*Task directions*:
Dropping every picture, set down exactly the lines in the entries below, starting with the line with "Tubes of a solar" and going on through the line with "FW785 Masterclass All-in-One".

*Supplied material*:
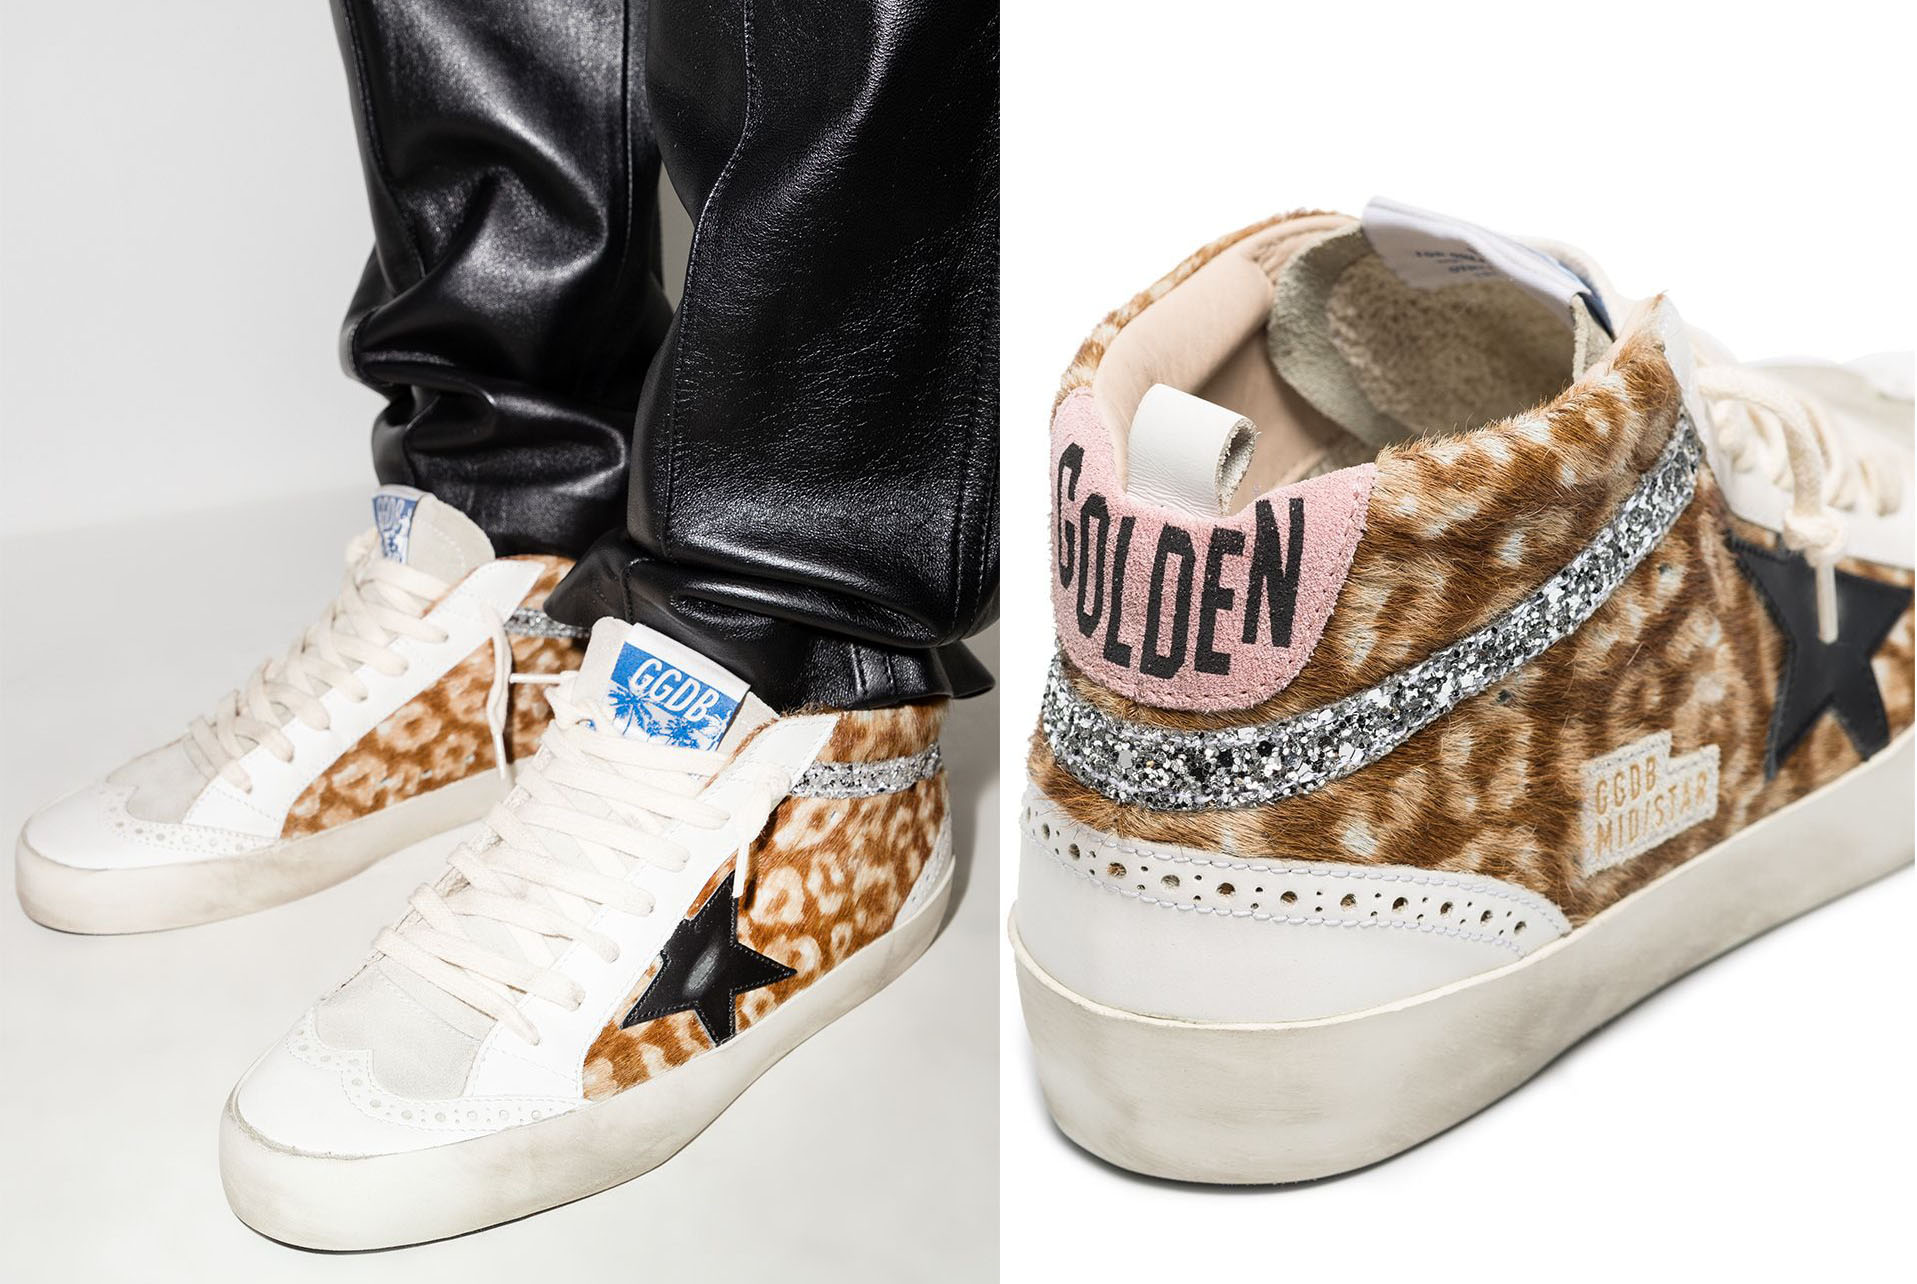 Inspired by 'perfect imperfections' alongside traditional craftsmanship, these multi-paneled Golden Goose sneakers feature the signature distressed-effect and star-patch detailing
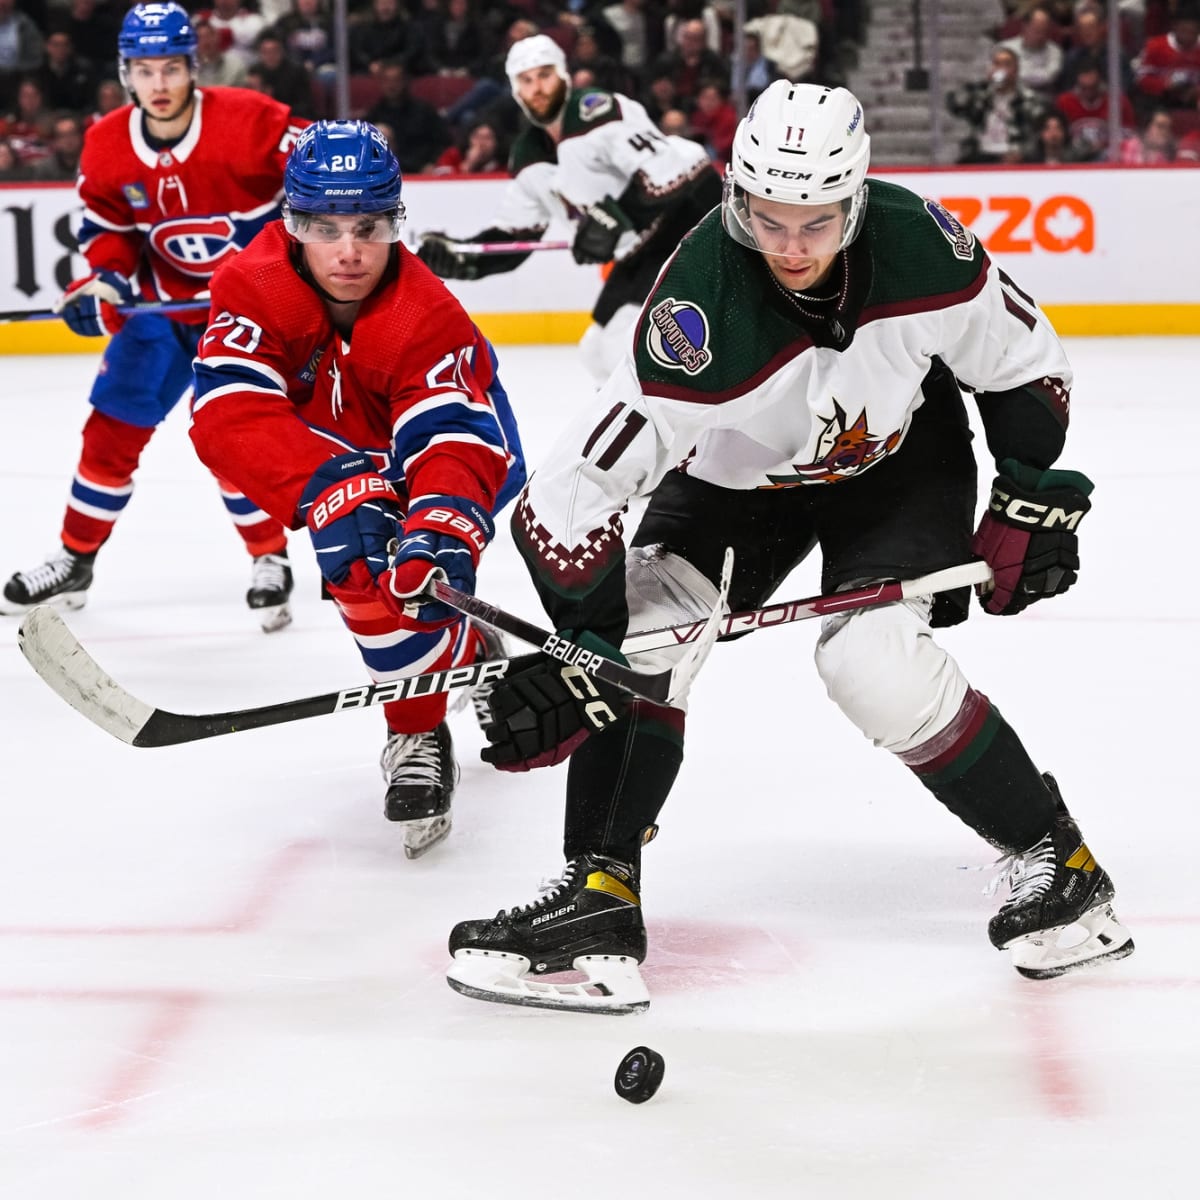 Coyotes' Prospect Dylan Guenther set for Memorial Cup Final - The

...

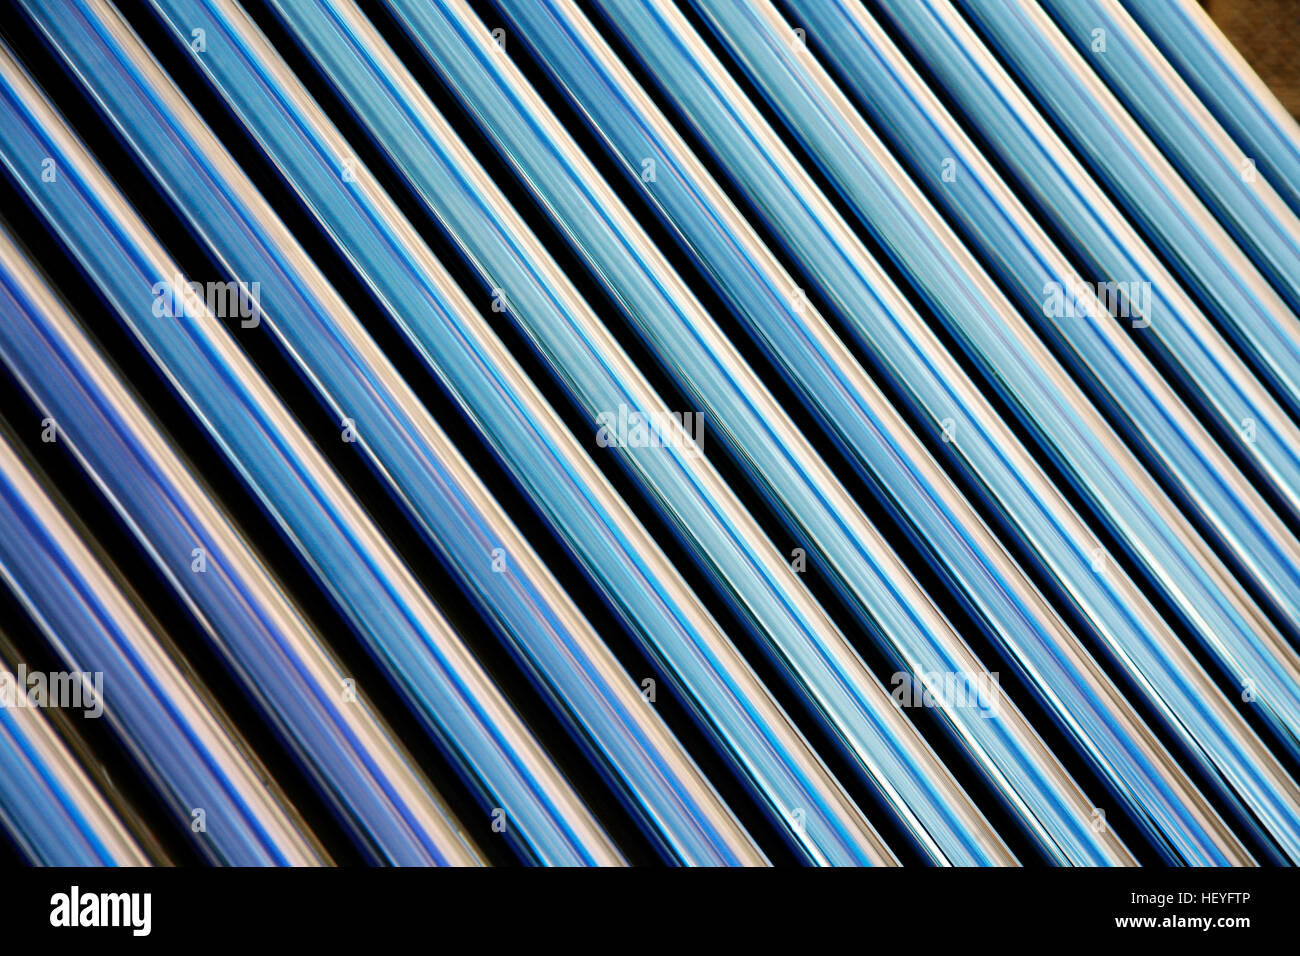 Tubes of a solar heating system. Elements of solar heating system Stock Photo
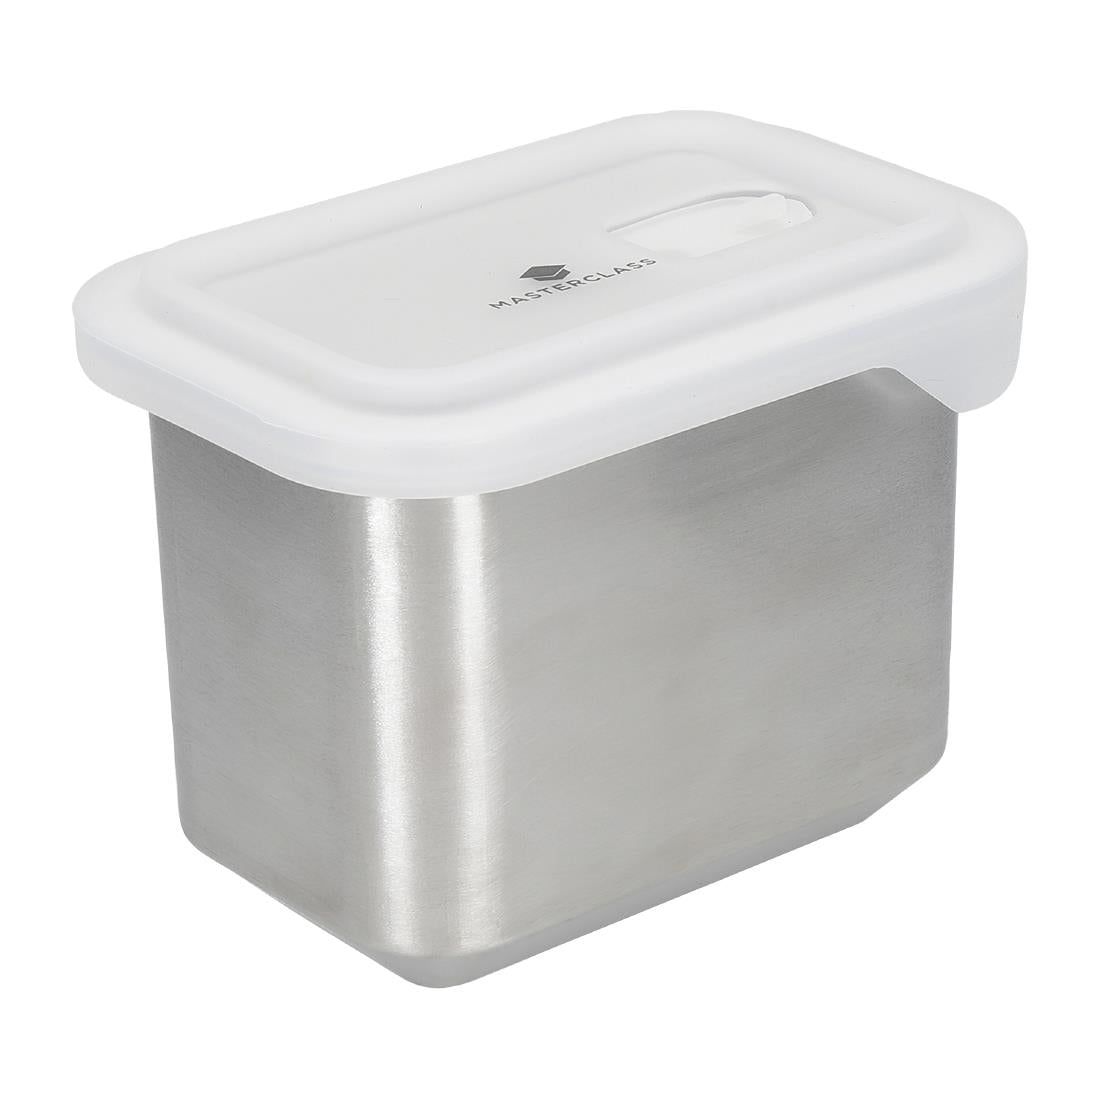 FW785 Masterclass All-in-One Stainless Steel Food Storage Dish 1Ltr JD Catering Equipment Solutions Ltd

*Result of this task*:
 Tubes of a solar heating system. Elements of solar heating system Stock Photo
 FW785 Masterclass All-in-One Stainless Steel Food Storage Dish 1Ltr JD Catering Equipment Solutions Ltd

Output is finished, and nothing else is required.